* [About this task] I'd like the full listing transcribed exactly, with no images included.

══ Supplied data

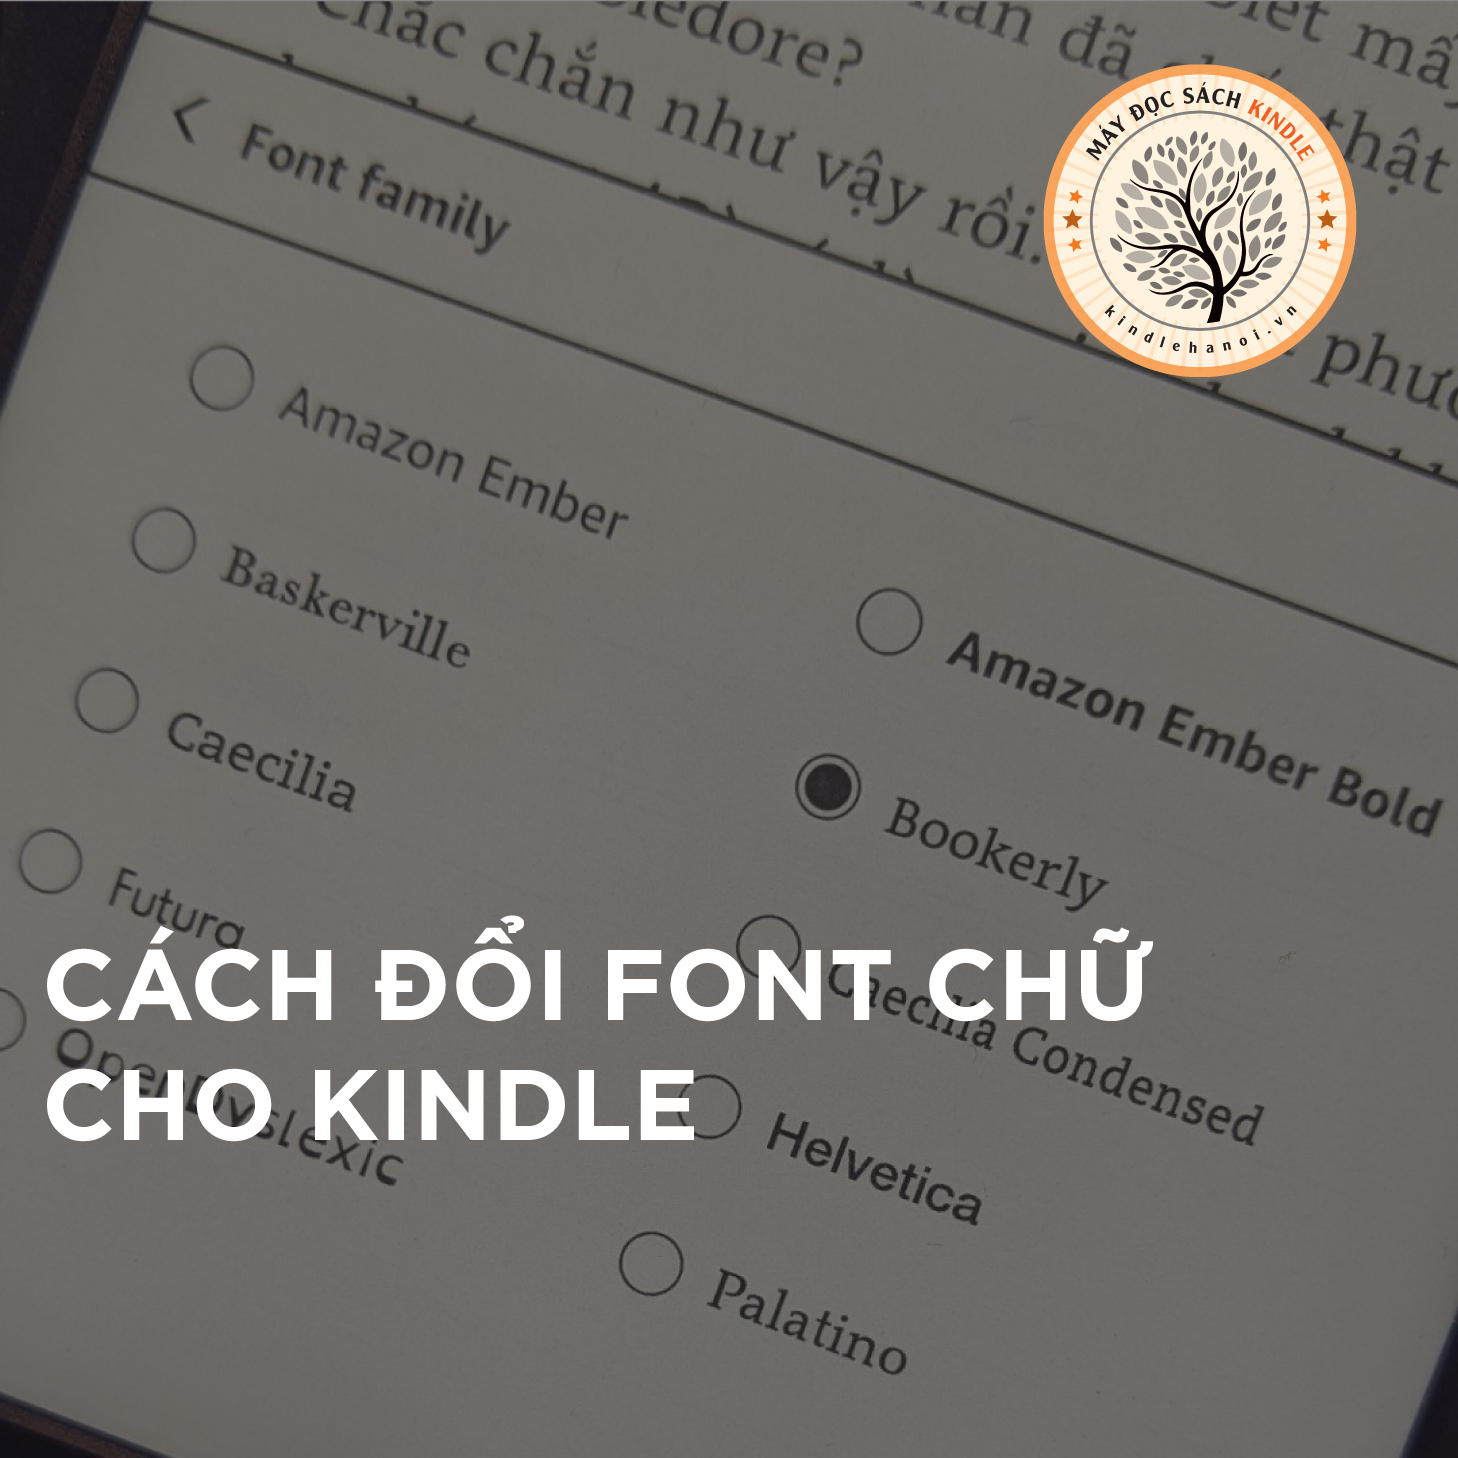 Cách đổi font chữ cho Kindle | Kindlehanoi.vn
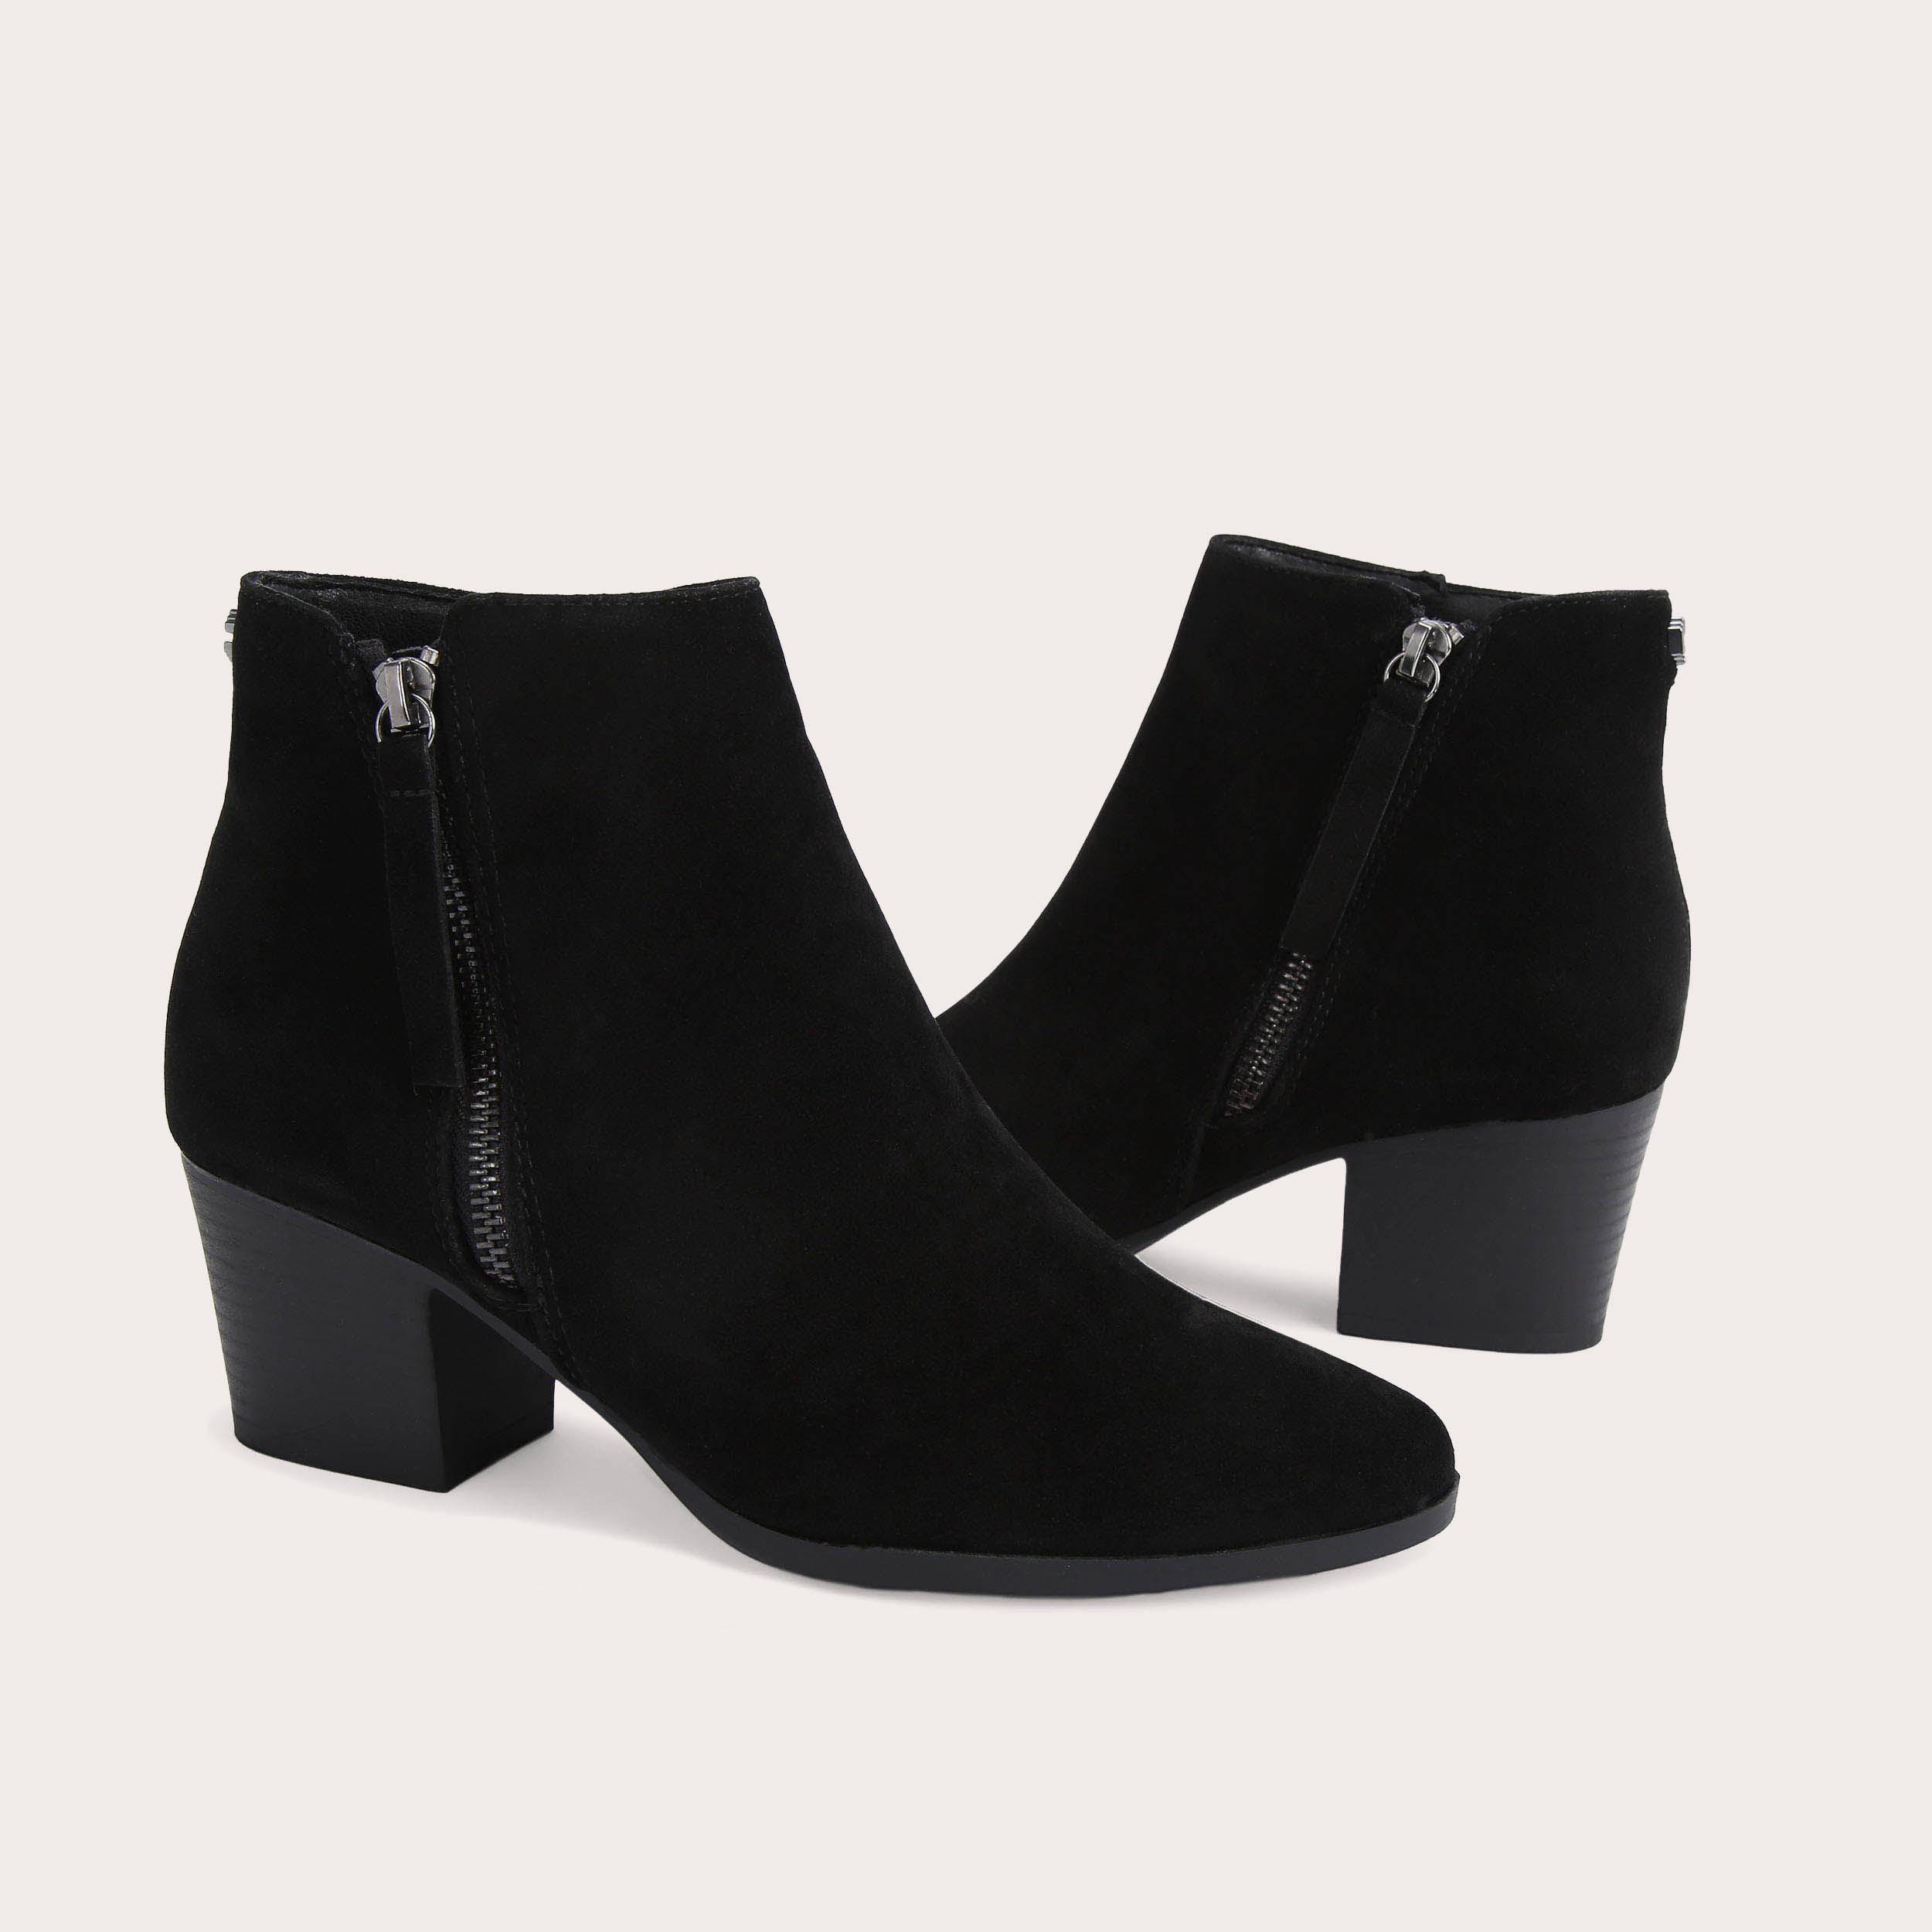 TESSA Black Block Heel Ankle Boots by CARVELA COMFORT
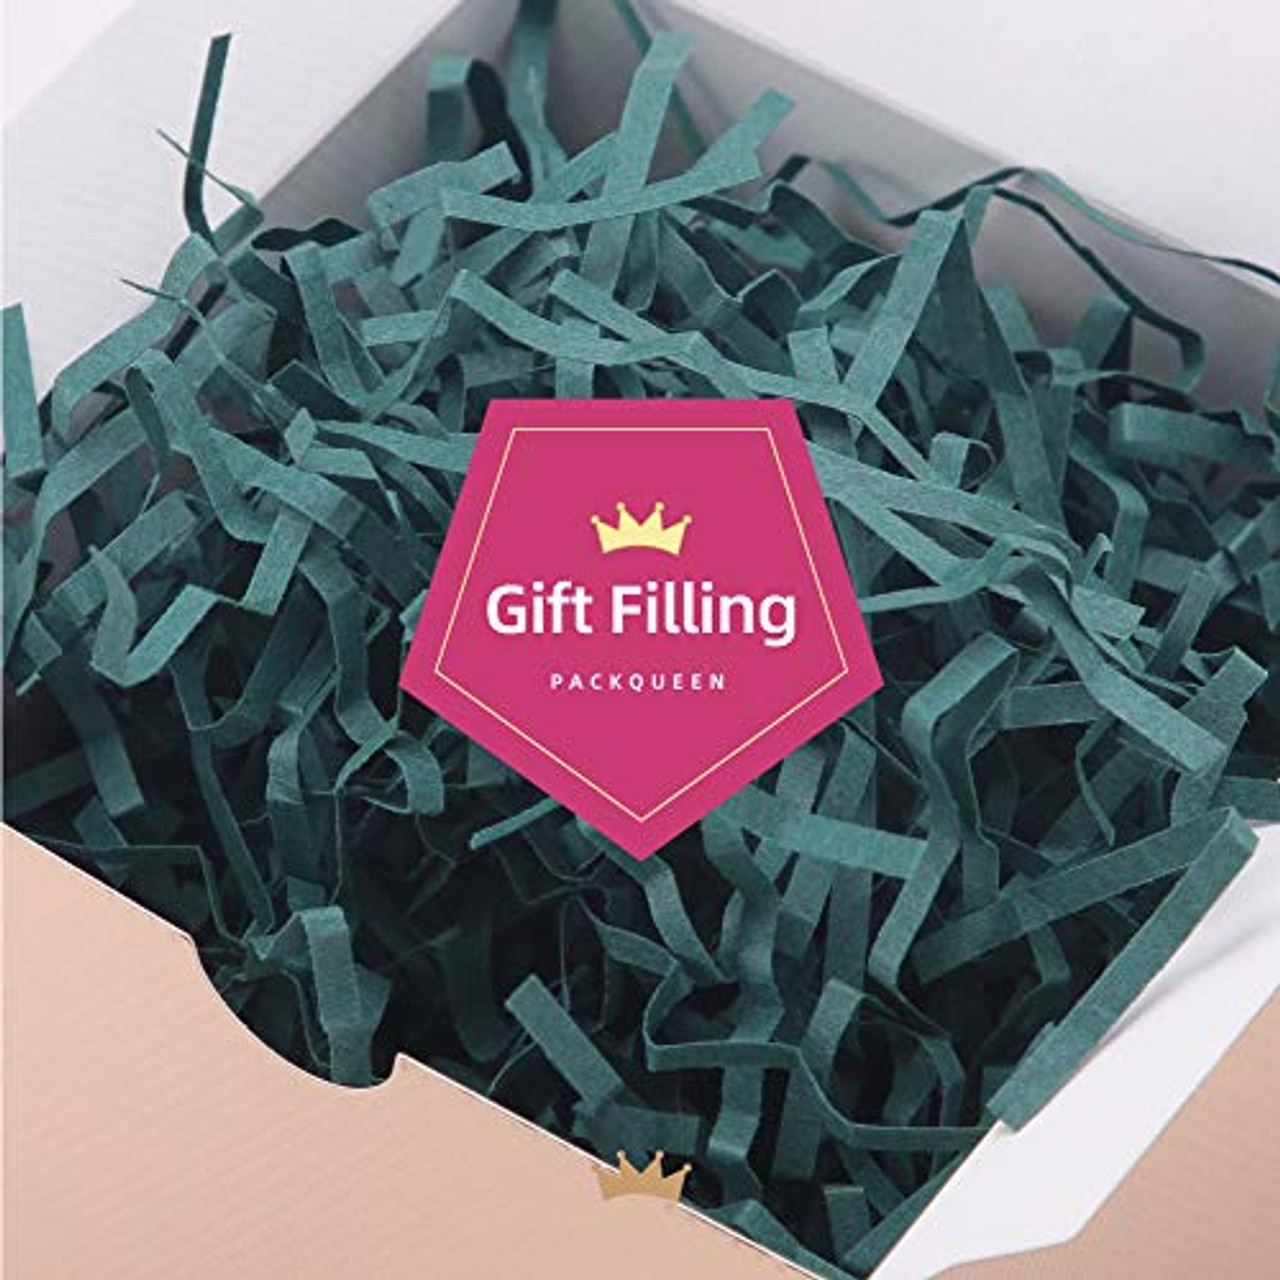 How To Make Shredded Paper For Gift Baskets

════

* [Reply]
 Cách đổi font chữ cho Kindle | Kindlehanoi.vn
 TESSA Black Block Heel Ankle Boots by CARVELA COMFORT
 How To Make Shredded Paper For Gift Baskets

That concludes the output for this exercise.